Minée par l’hyperinflation, les sanctions et l’échec des réformes monétaires, la devise iranienne a rompu le lien de confiance avec sa population.
Face aux sanctions, l’Iran a décidé de libéraliser son marché des changes, quelques mois après avoir tenté en vain de le reprendre en mains. C’est la loi de l’offre et de la demande qui va désormais fixer la valeur du rial iranien, à l’exception des produits de première nécessité (aliments, médicaments), qui bénéficient toujours du taux de change officiel fixe de 44.000 rials par dollar. La libéralisation, toute relative, vise à soutenir une monnaie qui a perdu l’essentiel de sa valeur. Les particuliers pourront échanger leurs rials contre des dollars mais pour des montants limités et s’ils justifient leurs transactions (dépenses médicales, voyage à l’étranger, frais de scolarité…).
Hyperinflation galopante
Sur le marché noir, le dollar s’échange autour de 95.000 rials par dollar. Après avoir dépassé la barre des 100.000 rials fin juillet, il avait établi récemment un record à 119.000. Le 28 juillet, la devise iranienne a connu un krach, une chute journalière de 12,5 %. Elle a perdu près de la moitié de sa valeur sur le marché noir depuis la réforme monétaire décidée en avril visant à unifier les taux de change du pays, s’adosser au dollar et restaurer la confiance dans la monnaie. Un échec qui a précipité le plongeon du rial.
« Spirale de la mort »
La situation économique et financière a empiré depuis la réforme d’avril. L’inflation annuelle est de l’ordre de 190 % et non pas de 10 %, le taux officiel, selon les estimations de Steve Hanke, économiste à la Johns Hopkins University et au Cato Institute. Le rial est entré « dans la spirale de la mort », comme en 2012 lorsque l’administration Obama imposa de nouvelles sanctions au pays du fait de son programme nucléaire.

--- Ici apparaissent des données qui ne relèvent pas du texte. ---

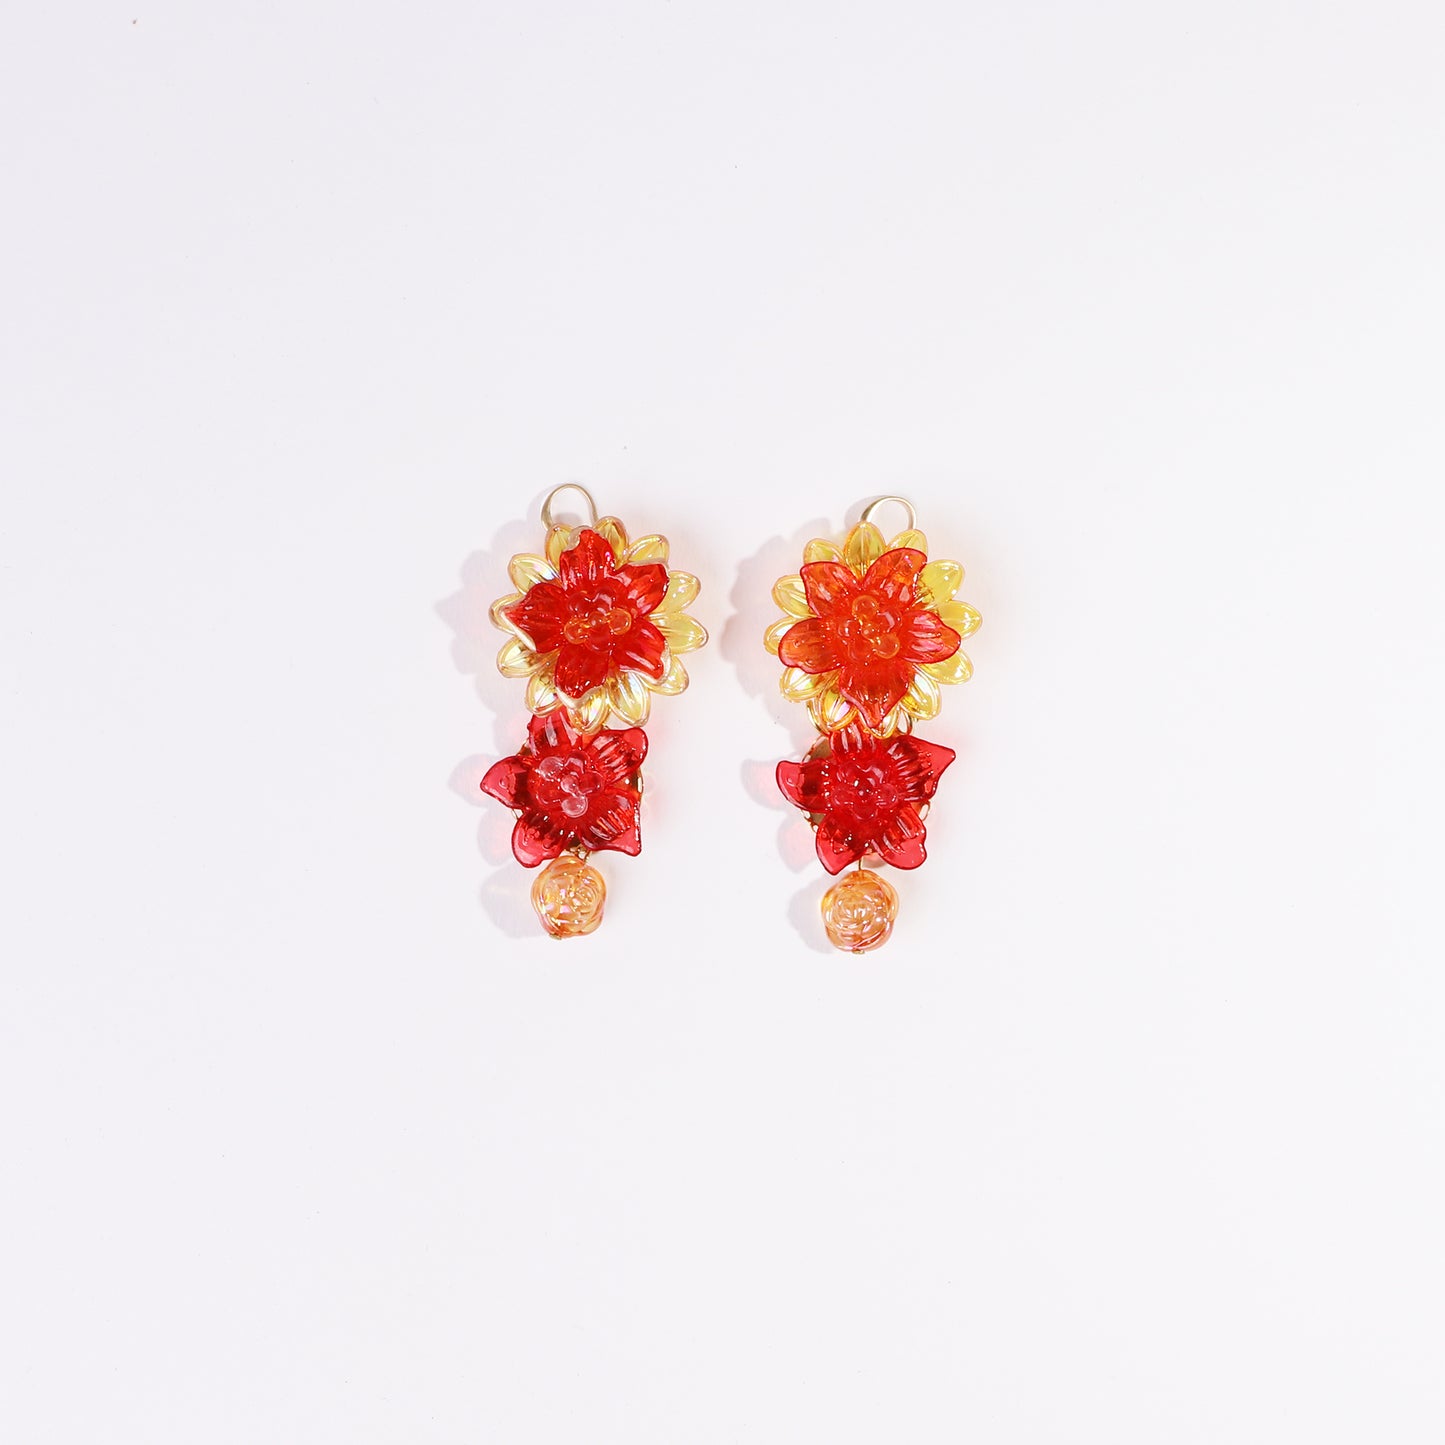 orange and scarlet flower earrings
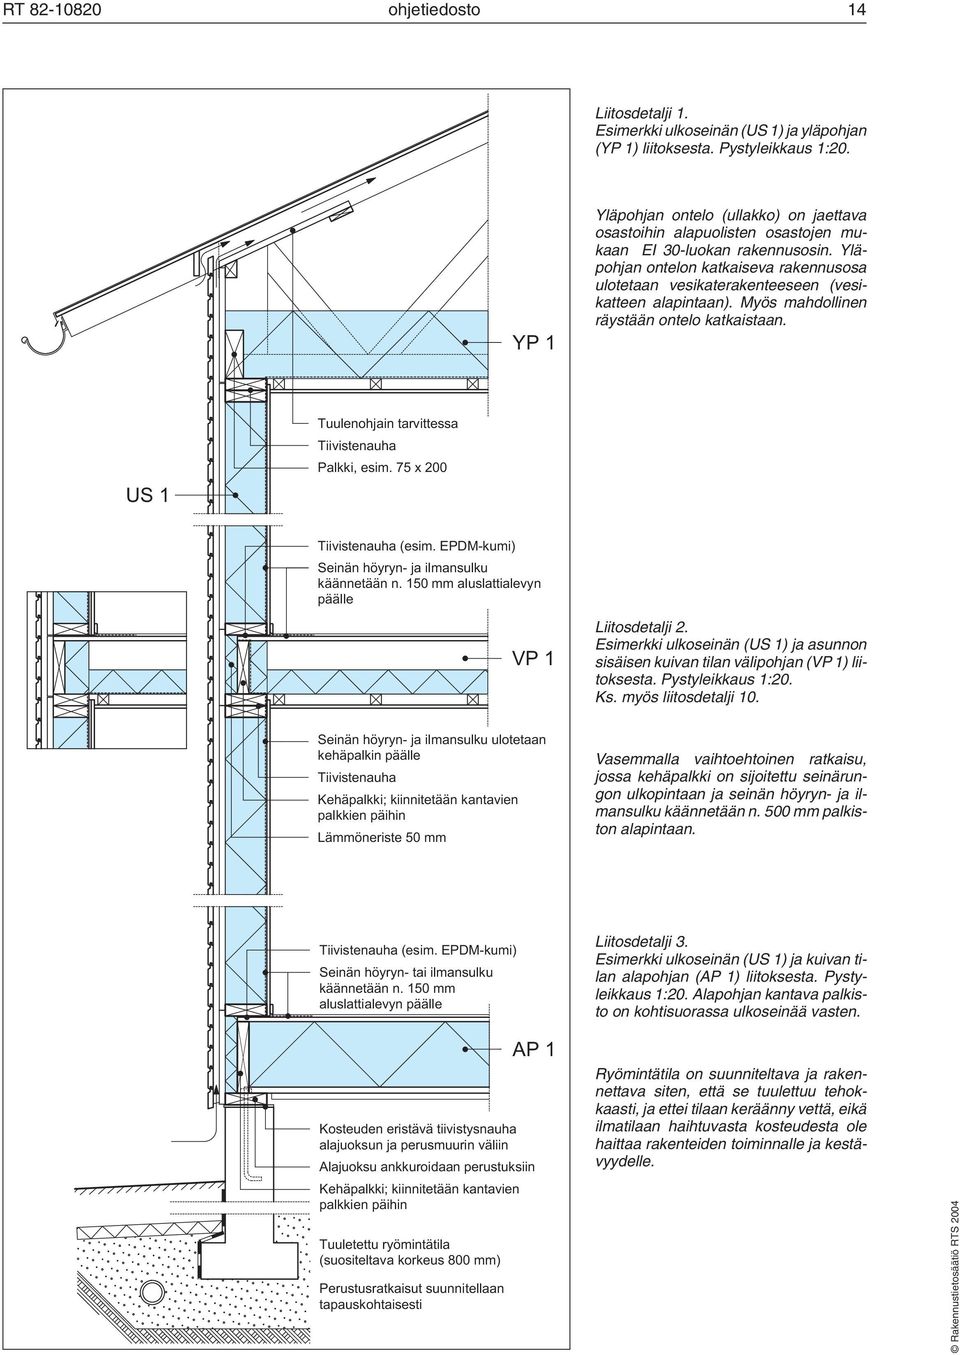 Yläpohjan ontelon katkaiseva rakennusosa ulotetaan vesikaterakenteeseen (vesikatteen alapintaan). Myös mahdollinen räystään ontelo katkaistaan.

Fin juin, des bureaux de change du grand bazar de Téhéran avaient fait grève pour protester contre l’effondrement de la devise et son impact néfaste sur leurs activités. Un grand nombre de bureaux de changes avaient été fermés dans le pays en avril. Ils étaient accusés par le pouvoir d’alimenter la spéculation. Ils pourront rouvrir, mais seront contrôlés de près par les autorités.
La défiance à l’égard du rial alimente les troubles sociaux et le mécontentement de la population. En début d’année, 63 % des Iraniens déclaraient que la mauvaise gestion économique et la corruption étaient les principaux problèmes affectant l’économie. Seulement 32 % mettaient en avant les sanctions. Le pays a nommé un nouveau gouverneur de sa banque centrale, après avoir limogé son prédécesseur, jugé incapable de gérer la crise financière. Des responsables de l’activité des changes de l’institution monétaire ont été arrêtés, suspectés de corruption et d’enrichissement personnel. Désormais interdite d’acheter des dollars, la banque centrale va devoir diversifier, dans d’autres monnaies que le billet vert, ses réserves de changes, estimées à 130 milliards de dollars en 2017 par le Fonds monétaire international.
Actifs refuge
Le gouvernement a fixé à 10.000 euros (11.600 dollars) les liquidités que les particuliers peuvent détenir en dehors du système bancaire. Dans les bureaux de change des aéroports, les Iraniens peuvent retirer entre 500 et 1.000 euros selon leur destination. Le pays veut en effet contrôler les fuites de capitaux. Début mai, le responsable de la commission économique du parlement iranien avait évalué à 2,5 milliards de dollars les sommes qui ont quitté le pays pour s’investir sur les devises cryptographiques comme le bitcoin. Le pays a interdit à ses banques de se lancer dans ce secteur. Comme le Venezuela , le pays voudra peut-être lancer sa propre devise 2.0 pour tenter de contourner les sanctions américaines et surfer sur l’engouement pour les « ICO » (levées de fonds en cryptomonnaies).
Les particuliers recherchent d’autres réserves de valeur et placements pour protéger leur épargne. L’or fait figure de placement refuge contre l’hyperinflation et connaît un regain d’intérêt dans le pays. La demande d’or (pièces, lingots) a triplé dans le pays au second trimestre et d’une année sur l’autre.